Source: Crop Protection | 2004
This research article assesses the potential for biotechnological approaches to overcome major pests, diseases and weeds undermining food security in Africa. The eight authors review three major constraints — parasitic weeds and herbicide-resistant grasses, insect pests, including those carrying plant diseases, and mycotoxins that damage stored grains.
They note that biotechnological solutions to some of these are already being explored, such as insect resistance in maize, but they say that others, like the control of parasitic weeds, will require longer-term study. The authors argue that these should be prioritised in public research programmes and supported by the private sector through donations of useful genes and technologies.
Their methodical discussion helps identify key priority areas for crop biotech research in Africa. This article will be useful to policy analysts, decision makers and research managers working in the field.
Source: The National Agricultural Biotechnology Council (NABC, USA) | July 2006
These proceedings from the 2006 World Congress on Industrial Biotechnology and Bioprocessing broadly focus on the development of new biotechnology and bioprocessing industries, including biofuel crops.
Although they give a predominantly developed world perspective, they may be of interest to developing countries examining the potential of GM crops or other agricultural biotechnologies for producing energy or industrial compounds to address their own priorities and needs.

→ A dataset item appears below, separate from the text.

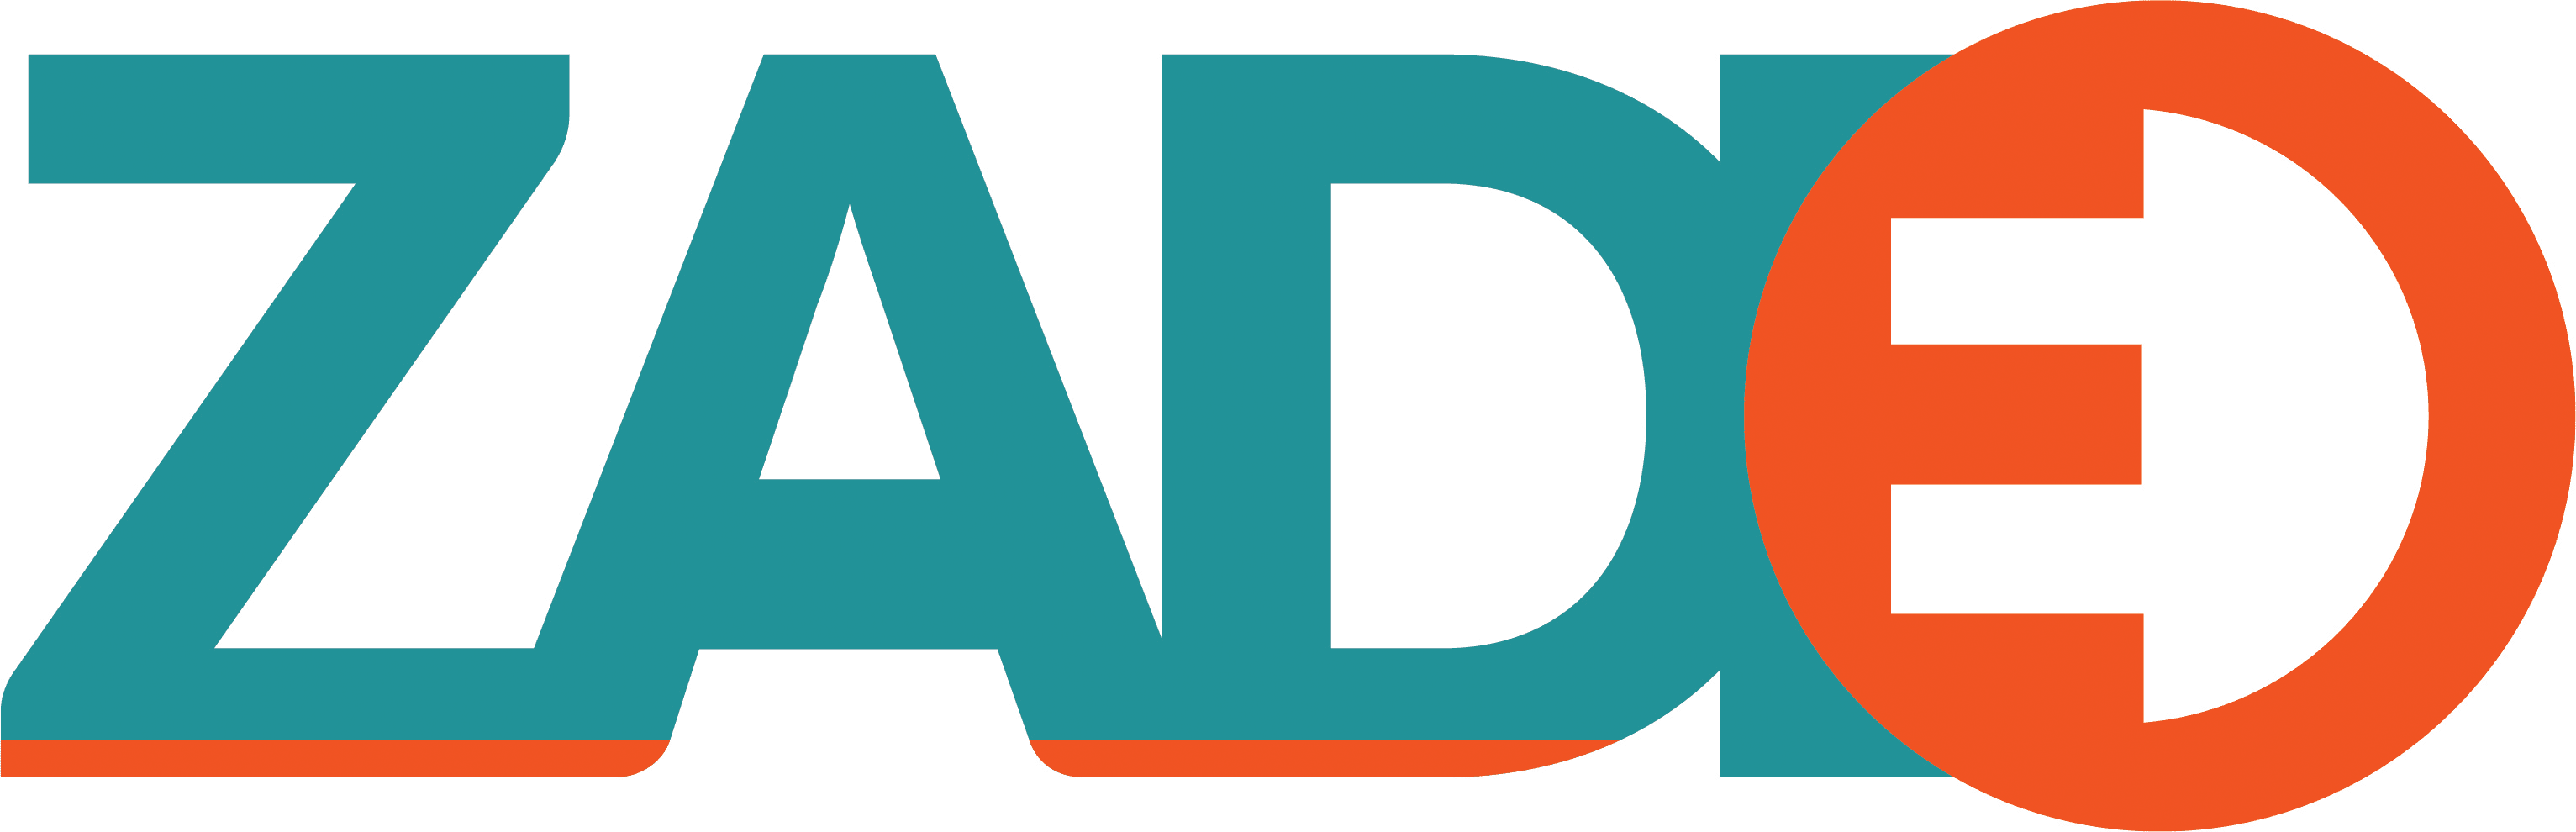 Zadeo AB Logo

The discussions range across scientific, technical, economic and political topics. The section on feedstocks for bioprocessing is particularly interesting as it considers the potential for creating new molecules from plants, biomass harvesting and processing to produce energy.
Source: African Technology Development Forum | 2006
This issue of the African Technology Development Forum Journal highlights technology transfer in Africa. In particular, it looks at the different ways technology is transferred to and from Africa, and how these vary across the continent. It discusses international organisations' role in agricultural technology transfer and examines how both international and local public-private partnerships can help transfer technology in all sectors of the economy.